Seventy-seven years ago, on January 27, the Auschwitz-Birkenau concentration camp was liberated by Soviet troops. It was the largest of the extermination camps that the Nazis and their acolytes had erected to annihilate all those they considered harmful to the Aryan “race” and its supposed destiny to rule the world. Of the 1,100,000 people who were exterminated there, 90% were Jews. In 2005, the United Nations General Assembly designated that January 27, the day of the liberation of Auschwitz, be memorialized as International Holocaust Remembrance Day.

In Deuteronomy 25:17, God commands the people of Israel to remember forever the actions of the Amalekites who attacked them when they were weak and vulnerable following their escape from slavery (Exodus 17:8-16). Preserving the memory of such assaults warns us not to become complacent, to think that something like this could not happen again, or to imagine, “this is not going to happen to me.” We must not forget the horrific depths to which the human mind can descend and so not allow ourselves to fall prey to our own inner demons or to succumb to the charism and appeal of any despotic and malevolent leader.

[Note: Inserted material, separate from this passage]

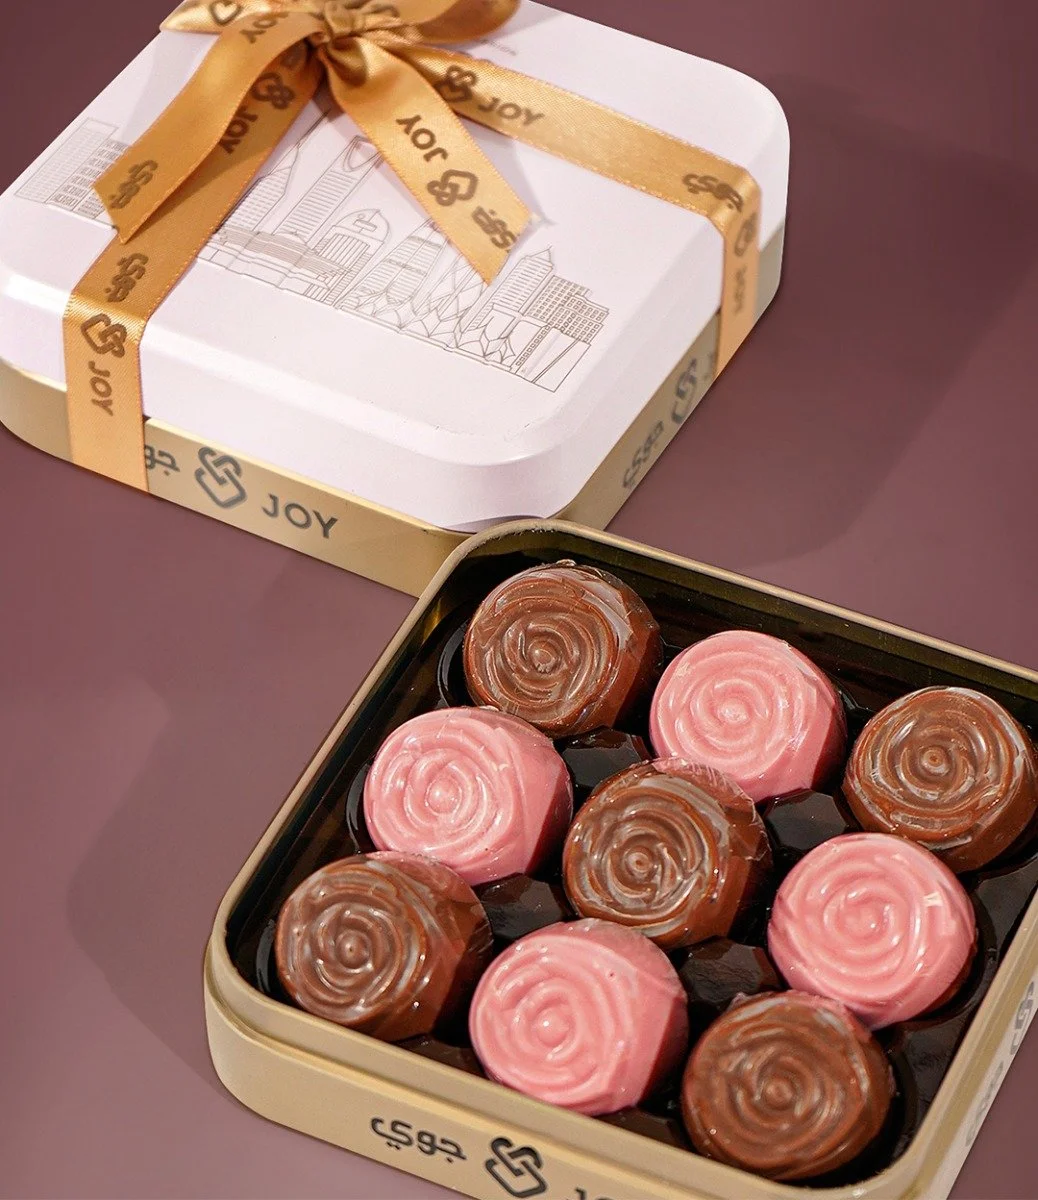 Cotton Candy In Joy Tin Sq Box By Joy Chocolate

On April 30, 1943, while the Warsaw ghetto uprising was taking place, and the horrific massacres of Jews in Europe were becoming known, the famous Israeli poet Abraham Shlonsky published his poem “The Vow” in the newspaper Haaretz. In it he movingly expresses his promise not to forget anything that happened, to remember everything, and to see that people learn from his words.

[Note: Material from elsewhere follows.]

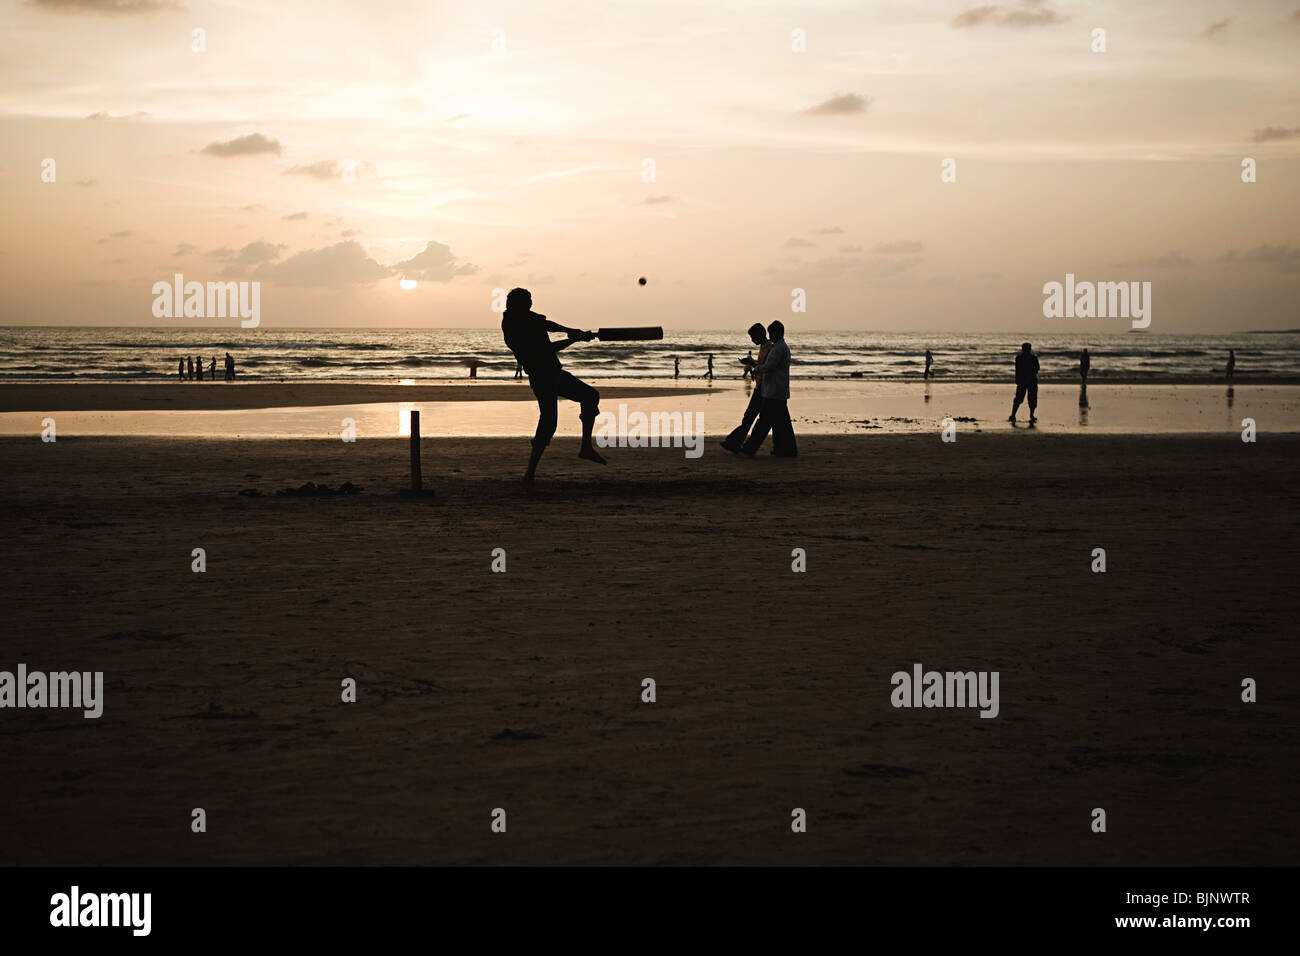 People playing cricket on mumbai beach Stock Photo

The same sentiment, “Let our fate be a warning to you,” is engraved on the mausoleum at Majdanek death camp in Poland, which contains the ashes and remains of those executed there. These words give voice to the feelings of the voiceless about those who remain alive. Thankfully, sensitive people saw to it that the victims’ soundless and anguished cry would be carved in stone forever.

To remain in someone’s memory was the desperate wish of those who foresaw their harrowing end, and that of their family and friends, as they walked to the gas chambers. They hoped people in the future would never again be indifferent or daunted by the face of evil. They tried as best they could to keep the torch of human dignity high in the midst of the dark and miserable night that Nazism imposed on humanity.

But to heed their warning we must remember the history of what happened.

We must repeat it to our children and grandchildren, until they are indelibly imprinted on their consciences. The passage of time, the disappearance of the eyewitnesses to the Nazi abomination, the difficulties of transmitting the visceral horror to new generations, and the apathy of those who deny or minimize the historical all dim the memory that it is essential to preserve.

Humanity desperately needs the memory of the Shoah against the Jewish people and of all the genocides suffered by different peoples before and since. It is memory that ultimately will break endlessly repeating cycles of viciousness. It is memory that will help overcome the destructive impulses that can lurk in the human heart. It is memory that will help us recognize the selfishness and pettiness and corruption that leaves so many people in misery today.

In the Jewish tradition, God has a Day of Memory. It is Rosh Hashanah, when each new year begins. God’s Book of Memories that records the actions of each person is opened on that day. The Creator judges everyone and decides their fate. It is the day when God also remembers the covenants he made with humans, with Noah and Abraham and their descendants.

Similarly, may this International Holocaust Remembrance Day be a time when God teaches us that there can always be a new beginning, and that the decision whether to repeat or reject past atrocities lies in each of our hands.